Interactive prompts cause hangs in the Manus sandbox. Always use --yes for send commands and --json for output:

# Wrong (will hang)
nylas email send --to "user@example.com" --subject "Test" --body "Hello"

# Correct
nylas email send --to "user@example.com" --subject "Test" --body "Hello" --yes

Network errors

If you see connection timeouts or DNS resolution failures, the sandbox may have temporary network issues. Test connectivity:

# Test HTTPS connectivity to the Nylas API
curl -s -o /dev/null -w "%{http_code}" https://api.us.nylas.com/v3/

A 200 or 401 response means the network is working (401 just means no auth header was sent). If you get no response, wait a moment and retry — sandbox network initialization can take a few seconds on cold starts.

Complete workflow: install, authenticate, send

Here is the complete end-to-end workflow you can paste into a Manus chat or run as a script inside the sandbox. It installs Nylas CLI, authenticates, and sends a test email in under 30 seconds:

# Step 1: Install Nylas CLI
curl -fsSL https://cli.nylas.com/install.sh | bash

# Step 2: Add to PATH (if needed)
export PATH="$PATH:$HOME/.nylas/bin"

# Step 3: Authenticate with API key (no browser needed)
nylas auth config --api-key "your-api-key-here"
nylas auth whoami

# Step 4: Send a test email
nylas email send \
  --to "your-email@example.com" \
  --subject "Test from Manus Sandbox" \
  --body "This email was sent from the Manus AI sandbox using Nylas CLI." \
  --yes

# Step 5: Verify by listing recent sent messages
nylas email list --limit 5 --json

What to explore next

Now that you can send email from the Manus sandbox, explore more advanced workflows:

Frequently asked questions

How do I send email from the Manus sandbox?

Install Nylas CLI with curl -fsSL https://cli.nylas.com/install.sh | bash, authenticate with your Nylas API key, and run nylas email send --to recipient@example.com --subject "Subject" --body "Message" --yes.

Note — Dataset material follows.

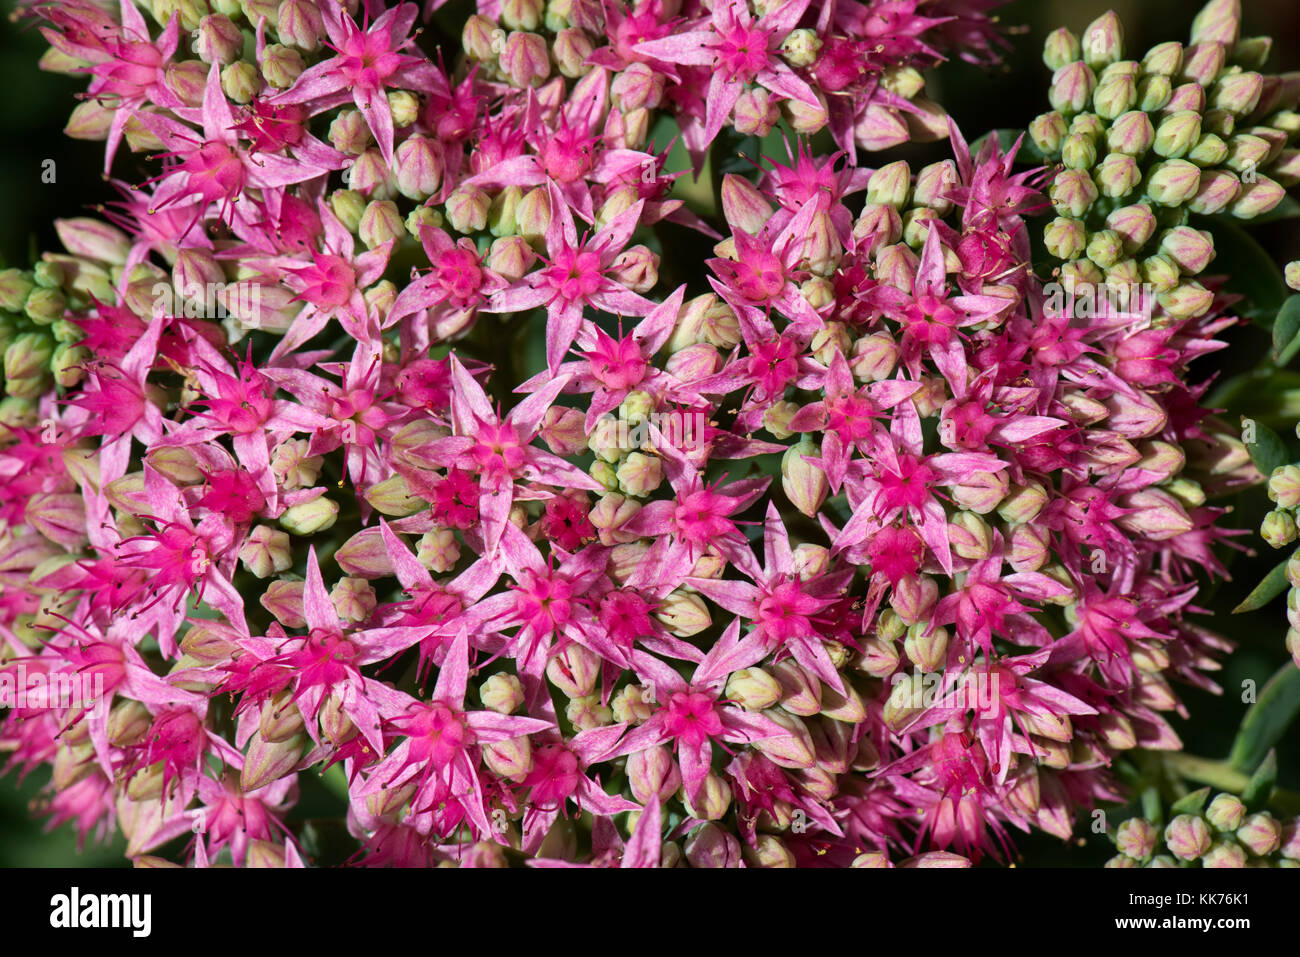 Fleurs en forme d'étoile d'orpin, Hylotelephium spectabile 'carl', une plante ornementale succulente fleurissant à la fin de l'été, août Banque D'Images

The --yes flag is required because the Manus sandbox does not support interactive prompts.

Why can't Manus send email by default?

The Manus sandbox is an isolated Ubuntu environment with no mail server, SMTP client, or email credentials. SMTP ports (25, 465, 587) are blocked. You need a tool like Nylas CLI that sends email over HTTPS through an API.

Can I send email to external addresses from the Manus sandbox?

Yes. Nylas CLI sends email through the Nylas API over HTTPS, not through the sandbox's local network. You can send to any valid email address — Gmail, Outlook, Exchange, Yahoo, iCloud, corporate domains, or any other IMAP provider — without hitting sandbox network restrictions.

How do I read and search my inbox from the Manus sandbox?

Use nylas email list --limit 20 --json to read recent messages and nylas email search "your query" --limit 10 --json to search. The --json flag gives Manus structured output it can parse and summarize.

What is the Nylas CLI Manus Skill?

The Nylas CLI Manus Skill is a reusable package of instructions and scripts that teaches Manus how to install, configure, and use Nylas CLI automatically. Once added to your Manus dashboard, activate it with /nylas-cli in any chat.